The problem:
Copy each line containing "Images" from the listing below.

Given data:
****

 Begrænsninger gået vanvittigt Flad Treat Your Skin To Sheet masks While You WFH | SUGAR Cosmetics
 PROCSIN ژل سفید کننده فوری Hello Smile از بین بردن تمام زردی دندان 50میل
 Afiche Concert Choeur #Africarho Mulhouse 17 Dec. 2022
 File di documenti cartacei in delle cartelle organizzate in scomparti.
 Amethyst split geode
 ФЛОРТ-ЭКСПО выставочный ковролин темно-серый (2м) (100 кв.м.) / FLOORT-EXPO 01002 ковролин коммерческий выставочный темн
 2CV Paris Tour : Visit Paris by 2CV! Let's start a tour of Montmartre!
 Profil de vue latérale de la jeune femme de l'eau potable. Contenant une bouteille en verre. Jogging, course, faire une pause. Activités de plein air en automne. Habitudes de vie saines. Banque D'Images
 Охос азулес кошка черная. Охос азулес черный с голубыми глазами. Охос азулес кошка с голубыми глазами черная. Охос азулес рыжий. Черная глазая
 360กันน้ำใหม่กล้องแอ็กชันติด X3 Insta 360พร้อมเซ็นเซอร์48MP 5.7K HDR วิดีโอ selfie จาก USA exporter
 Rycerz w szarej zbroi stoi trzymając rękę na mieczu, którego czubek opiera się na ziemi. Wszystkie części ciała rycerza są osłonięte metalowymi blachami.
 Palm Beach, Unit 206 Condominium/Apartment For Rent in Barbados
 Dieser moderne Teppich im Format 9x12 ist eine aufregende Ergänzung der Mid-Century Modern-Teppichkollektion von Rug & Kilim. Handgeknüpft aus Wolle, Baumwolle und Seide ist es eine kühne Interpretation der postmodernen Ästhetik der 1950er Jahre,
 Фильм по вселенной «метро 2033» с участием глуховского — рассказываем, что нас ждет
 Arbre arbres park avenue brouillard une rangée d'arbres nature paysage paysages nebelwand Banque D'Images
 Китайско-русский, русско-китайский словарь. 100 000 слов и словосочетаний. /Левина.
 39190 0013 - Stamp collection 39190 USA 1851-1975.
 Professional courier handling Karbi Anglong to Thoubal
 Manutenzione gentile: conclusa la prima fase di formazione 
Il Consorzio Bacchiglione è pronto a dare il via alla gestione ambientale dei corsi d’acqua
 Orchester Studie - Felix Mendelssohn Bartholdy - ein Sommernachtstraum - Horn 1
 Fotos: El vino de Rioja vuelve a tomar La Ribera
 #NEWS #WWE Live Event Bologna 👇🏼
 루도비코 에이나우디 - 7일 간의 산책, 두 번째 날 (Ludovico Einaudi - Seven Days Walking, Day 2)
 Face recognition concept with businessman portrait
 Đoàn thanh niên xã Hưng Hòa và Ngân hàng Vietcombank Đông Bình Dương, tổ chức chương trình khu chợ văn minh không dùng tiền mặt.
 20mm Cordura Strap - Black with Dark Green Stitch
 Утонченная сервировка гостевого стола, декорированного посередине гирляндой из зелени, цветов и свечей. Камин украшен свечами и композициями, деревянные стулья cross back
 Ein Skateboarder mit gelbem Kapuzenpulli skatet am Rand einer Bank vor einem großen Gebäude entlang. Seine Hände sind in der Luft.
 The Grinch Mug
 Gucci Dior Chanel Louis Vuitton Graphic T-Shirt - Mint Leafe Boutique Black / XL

****

Response to this exercise:
 Profil de vue latérale de la jeune femme de l'eau potable. Contenant une bouteille en verre. Jogging, course, faire une pause. Activités de plein air en automne. Habitudes de vie saines. Banque D'Images
 Arbre arbres park avenue brouillard une rangée d'arbres nature paysage paysages nebelwand Banque D'Images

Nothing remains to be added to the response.